A faithful copy of the listing below is needed, one that contains no pictures.
PROVIDED DATA START
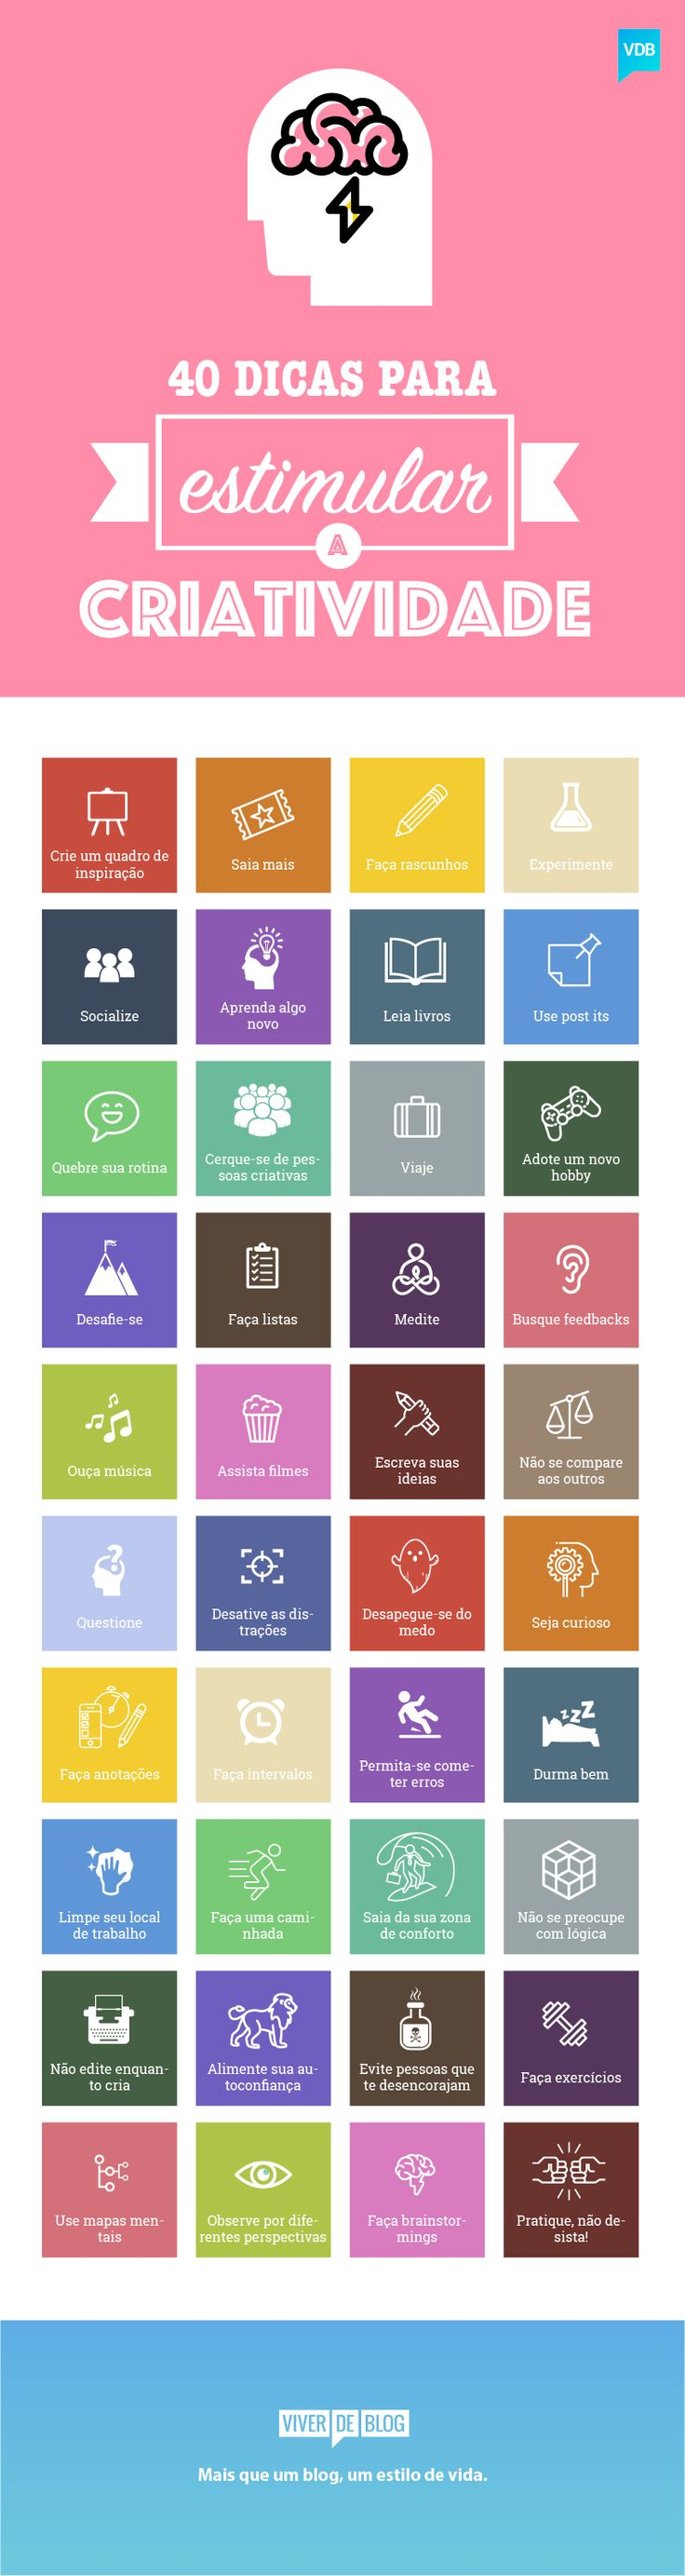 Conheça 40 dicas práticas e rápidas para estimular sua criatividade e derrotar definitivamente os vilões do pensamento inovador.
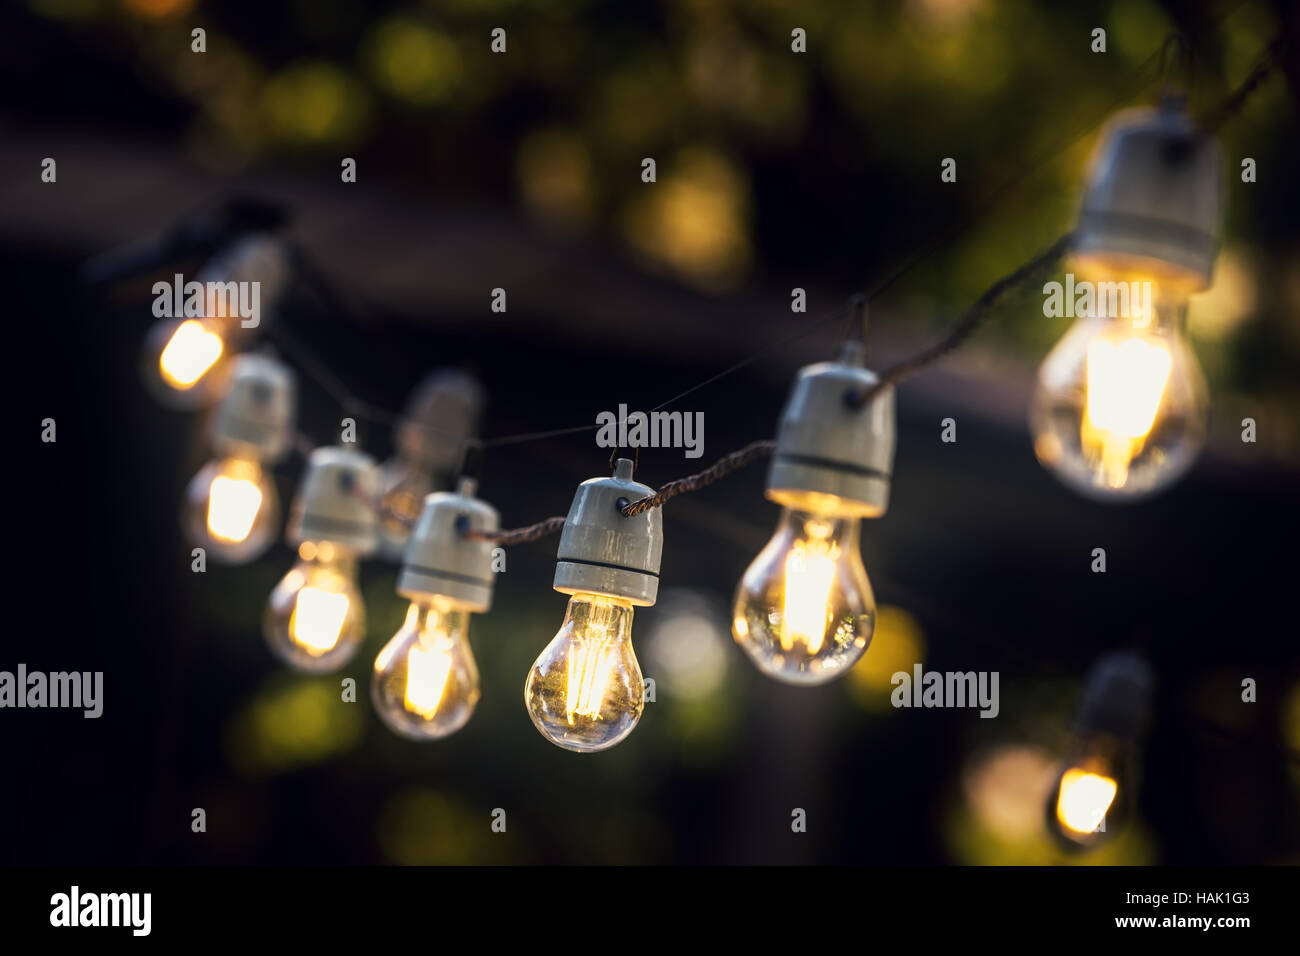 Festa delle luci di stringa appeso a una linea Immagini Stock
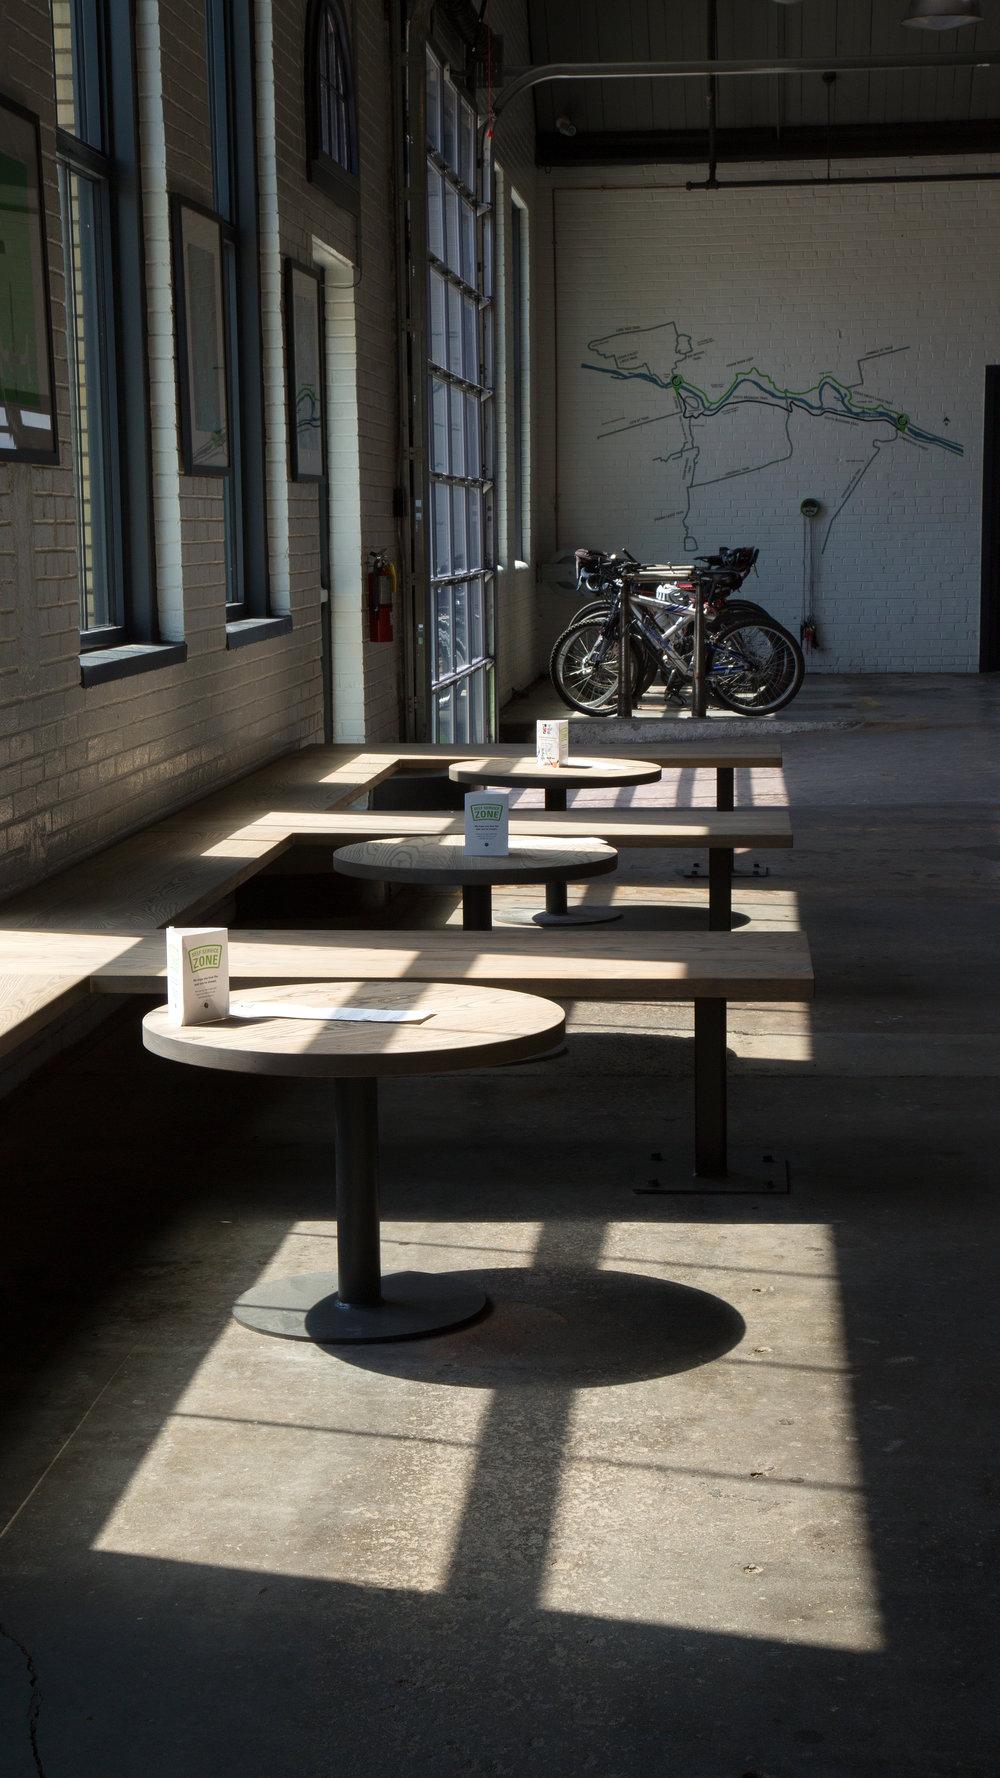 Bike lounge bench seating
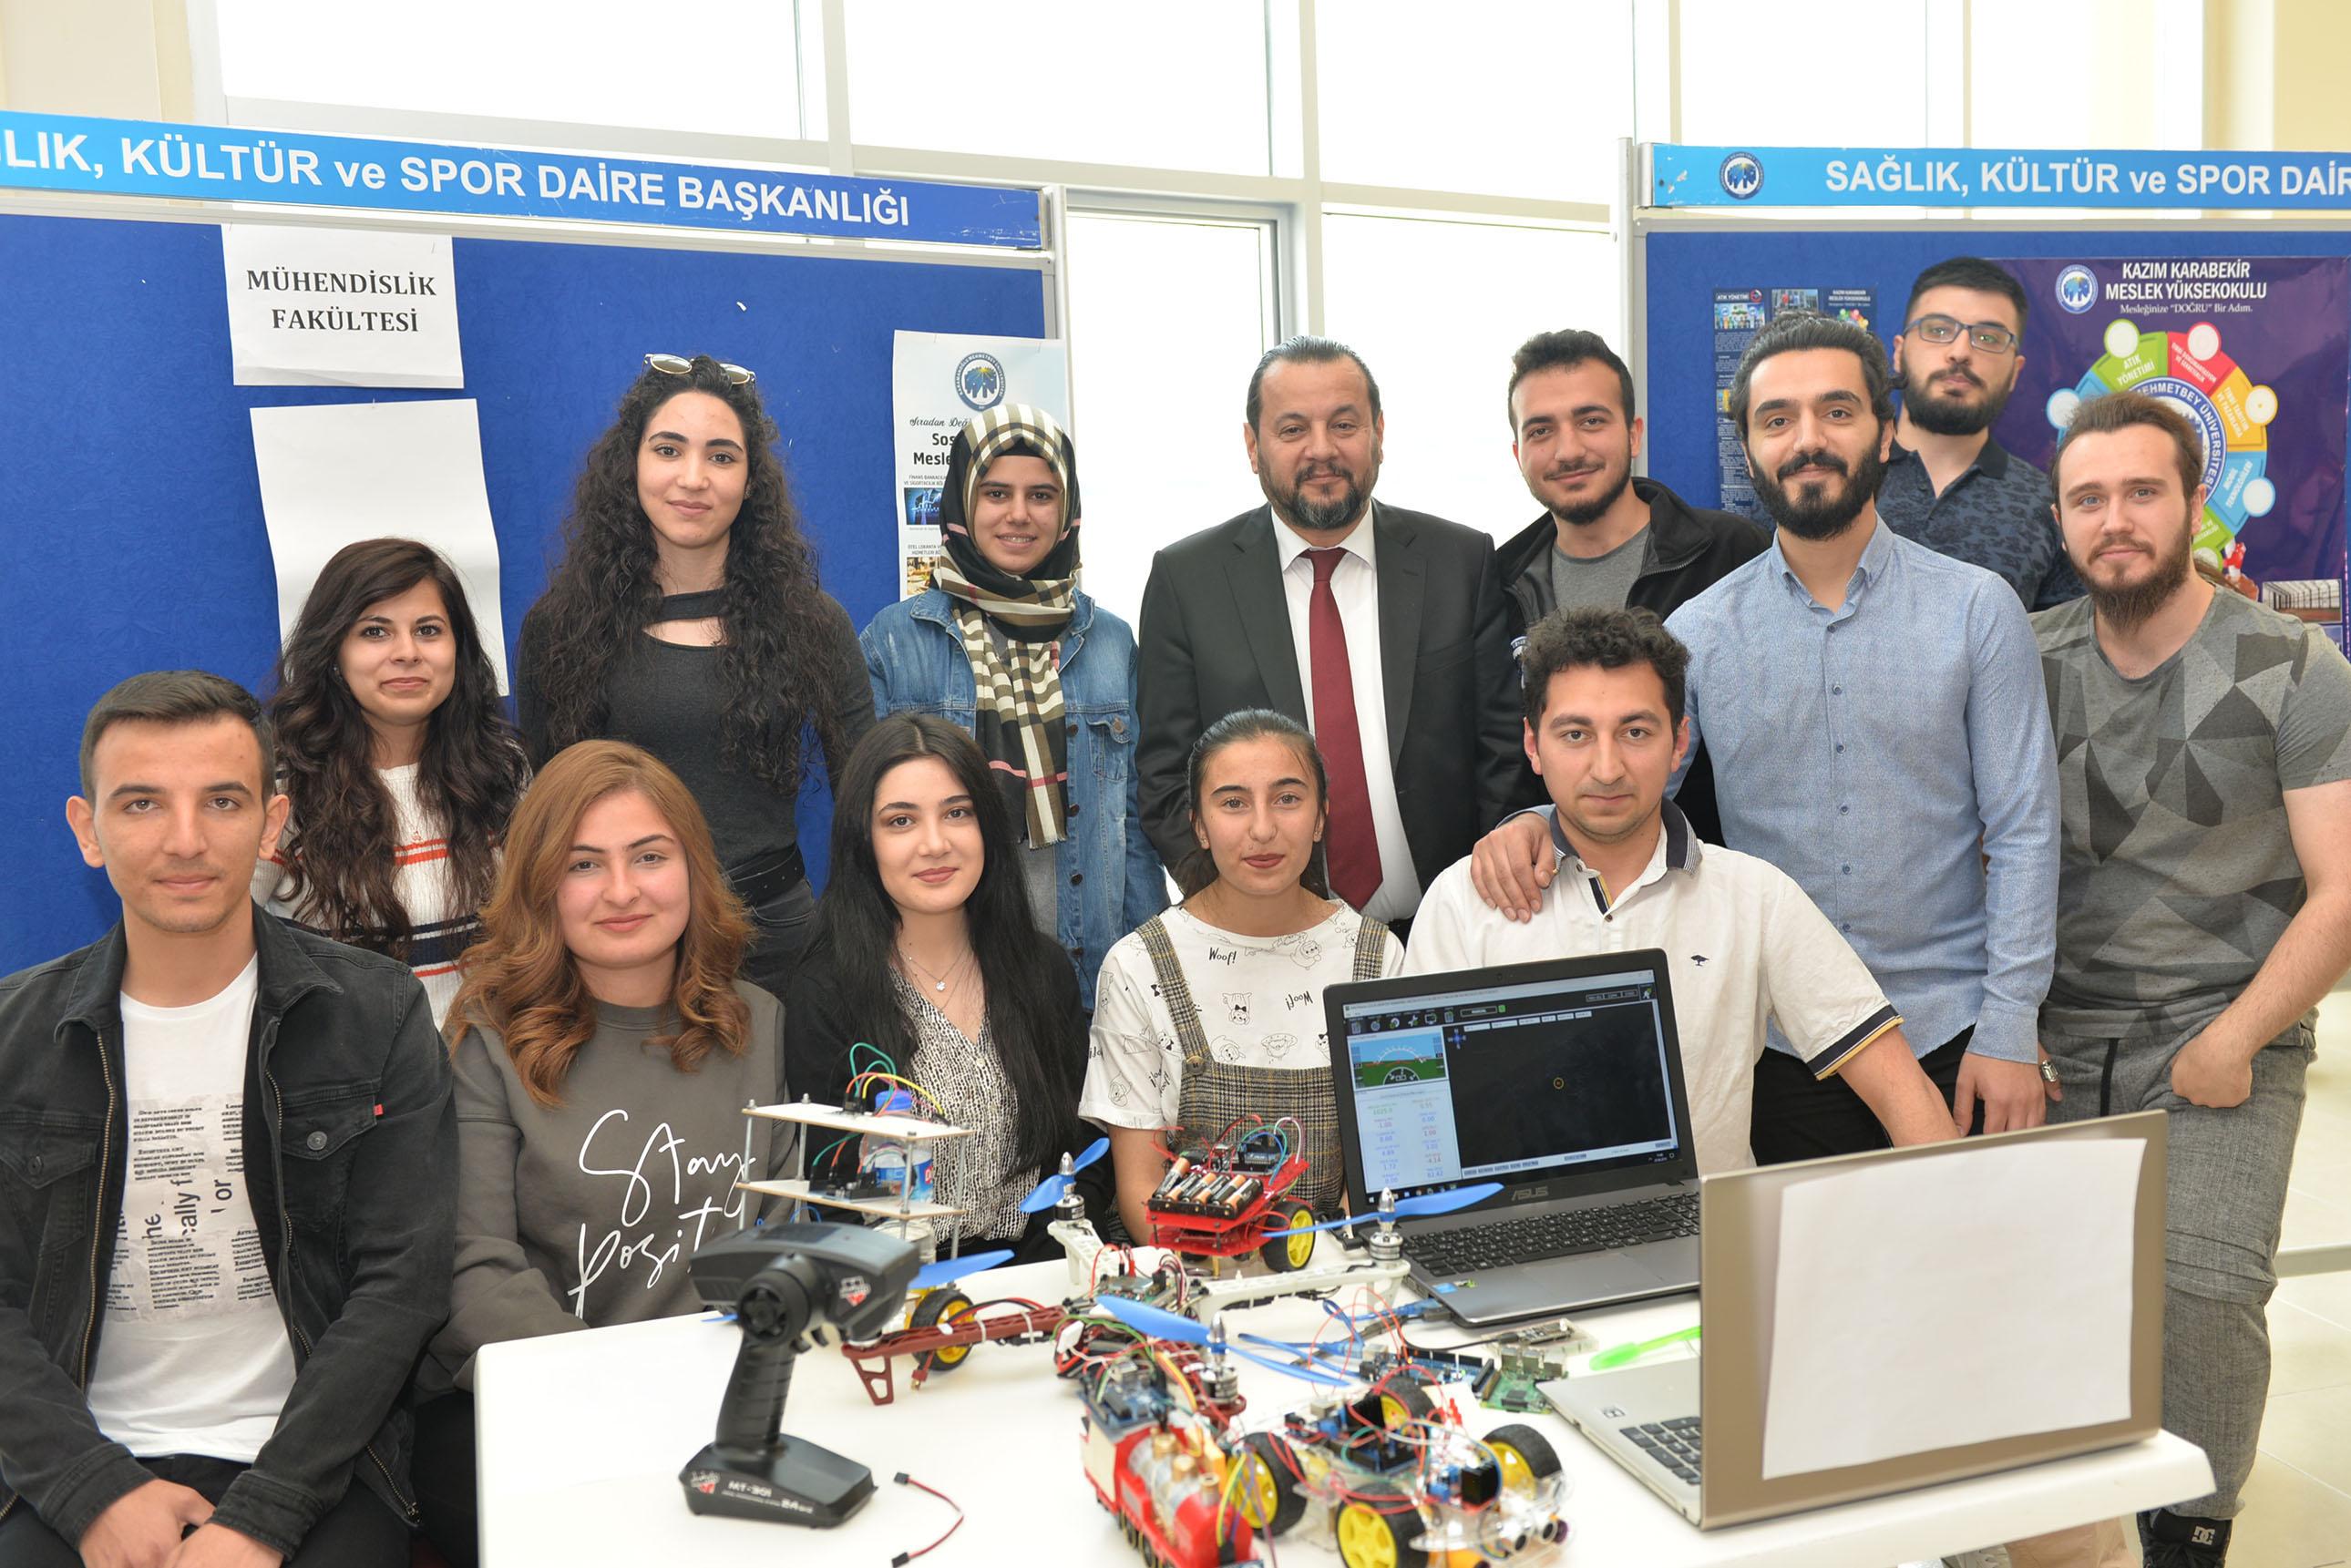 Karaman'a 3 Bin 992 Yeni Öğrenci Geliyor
PROVIDED DATA END
RESPONSE BELOW:
 Conheça 40 dicas práticas e rápidas para estimular sua criatividade e derrotar definitivamente os vilões do pensamento inovador.
 Festa delle luci di stringa appeso a una linea Immagini Stock
 Bike lounge bench seating
 Karaman'a 3 Bin 992 Yeni Öğrenci Geliyor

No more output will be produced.